A ninth-grade dropout who found himself at the center of the worlds of industry, advertising, theater and even gaming, Bel Geddes designed everything from the first all-weather stadium, to Manhattan’s most exclusive nightclub, to Futurama—the 1939 World’s Fair exhibit that envisioned how America would look in the 1960s. Szerlip reveals how central Bel Geddes was to the history of American innovation.

In 1944, Bel Geddes was one of the 15 founders of the Society of Industrial Designers (SID), a forerunner of IDSA. Among his wide-ranging designs: cars, trains, ships, planes, stoves, typewriters, furniture and film sets. “Called everything from ‘the inventor of the jet age’ and ‘the grand master of Modernism’ to ‘a little Leonardo,’ Bel Geddes was America’s poster boy for global, interdisciplinary thinking for more than two decades,” says Szerlip. “Though long overshadowed by Raymond Loewy, FIDSA, who had the wisdom to outlive his rival by 28 years, Bel Geddes was America’s first industrial designer.”

Szerlip spoke about her project in a talk entitled “Norman Bel Geddes: ID’s Original Enfant Terrible” at IDSA’s International Conference 2013 in Chicago.
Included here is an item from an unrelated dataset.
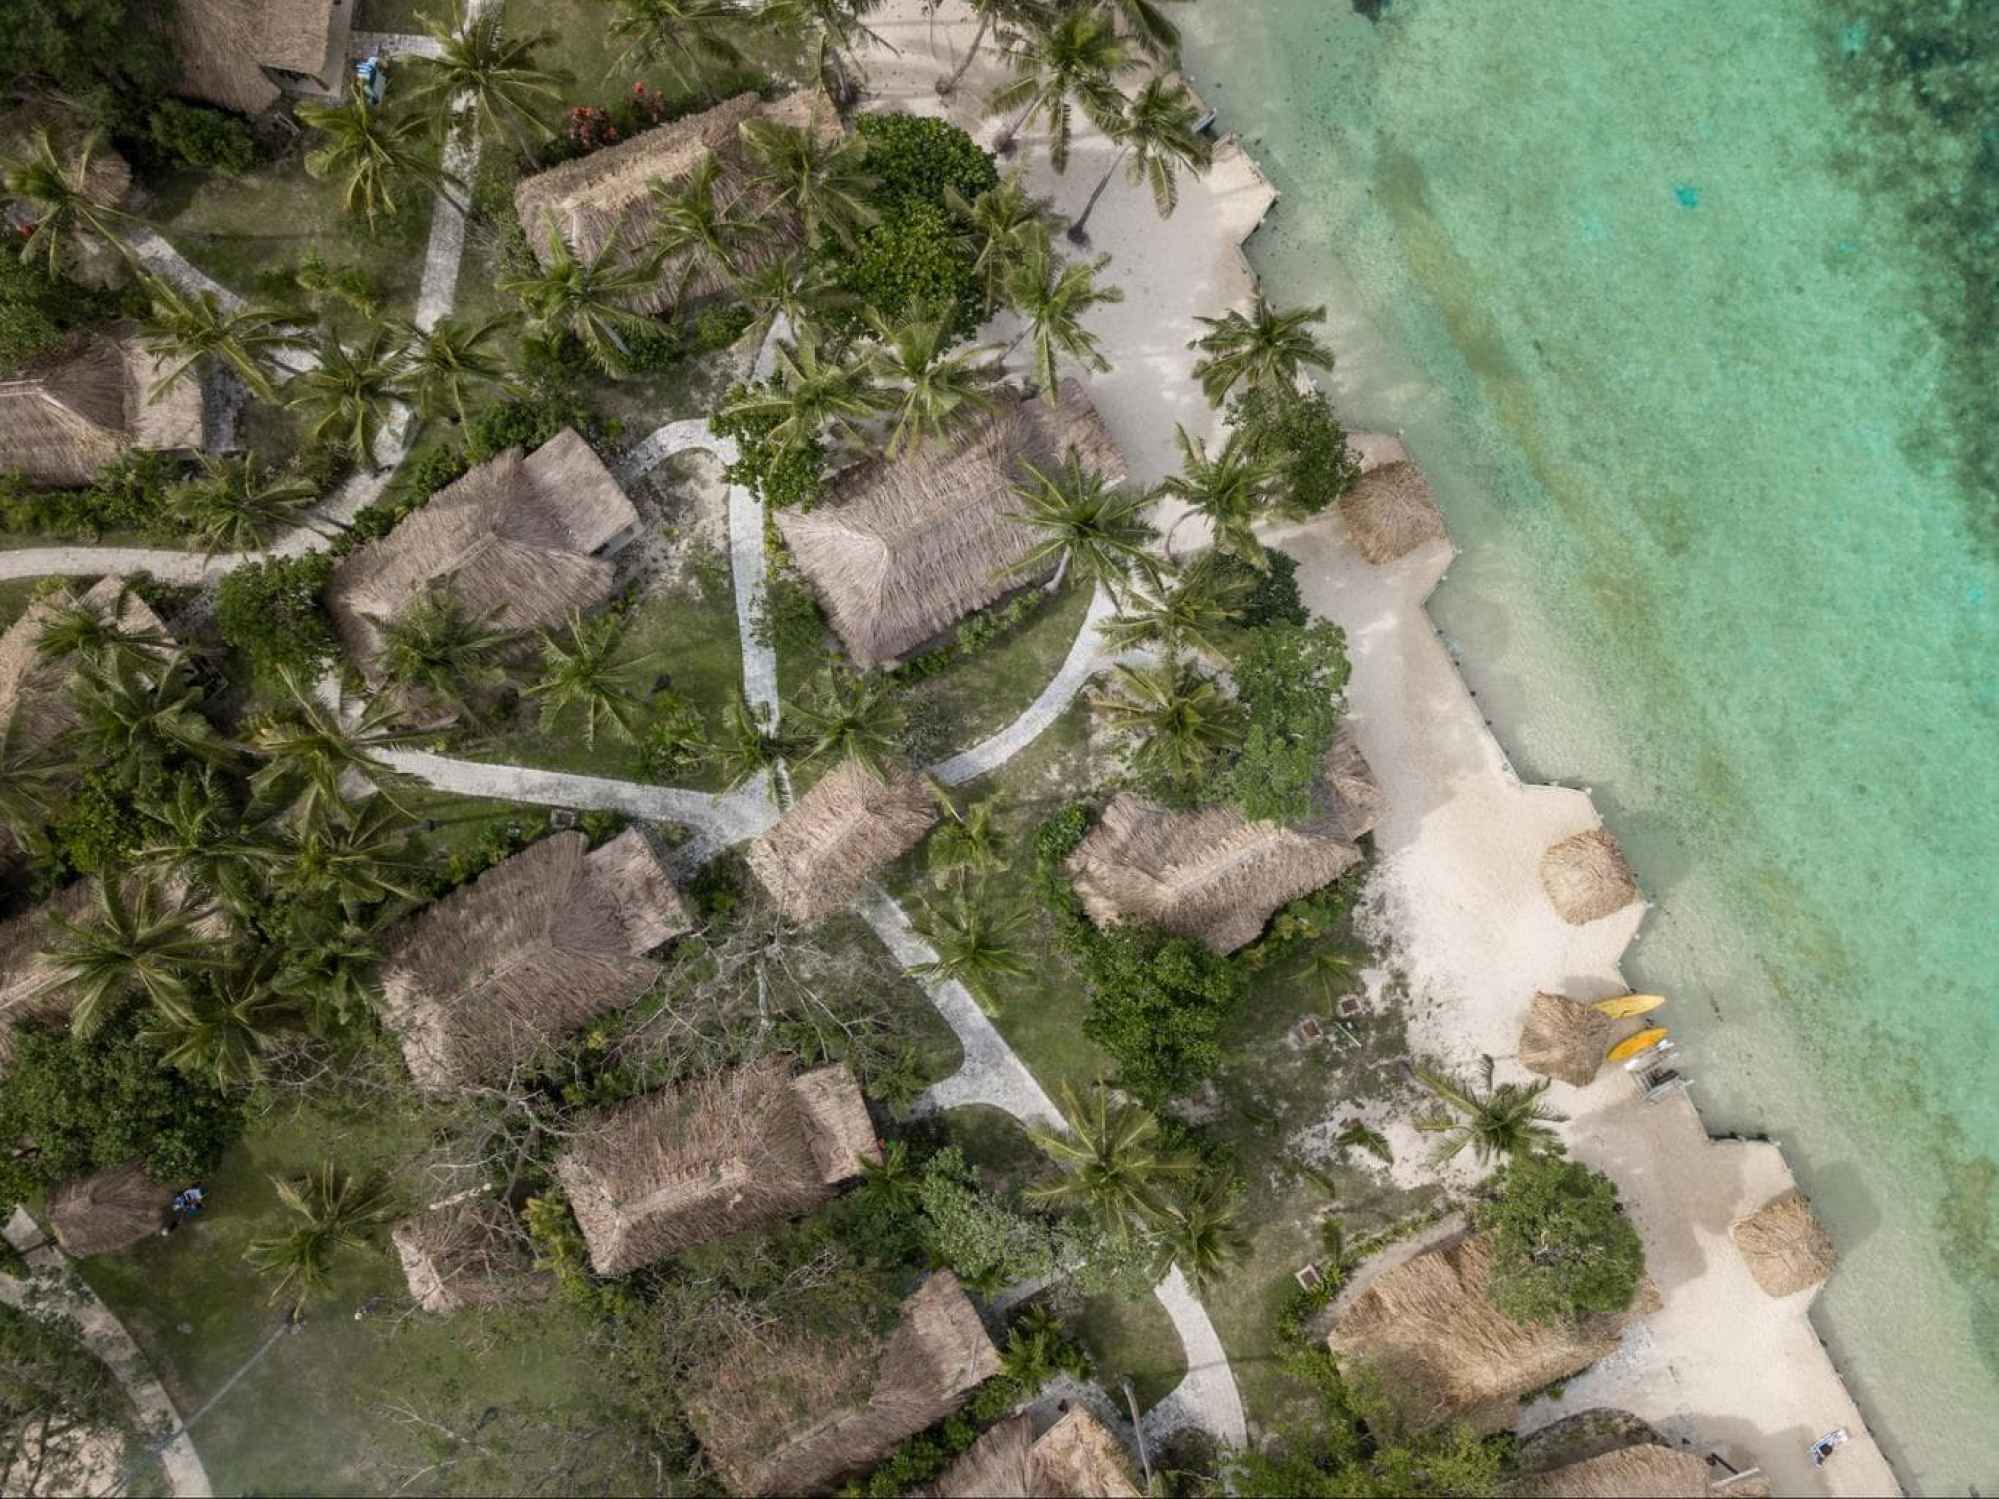 The beach bures at Castaway Island

The author was a two-time National Endowment for the Arts Writing Fellow, a Yaddo fellow and runner-up for London’s Lothian Prize for a first biography-in-progress. She has contributed to The Paris Review Daily and The Believer, among other publications, and has worked in professional theater; and as a book editor,  sculptor and graphic designer.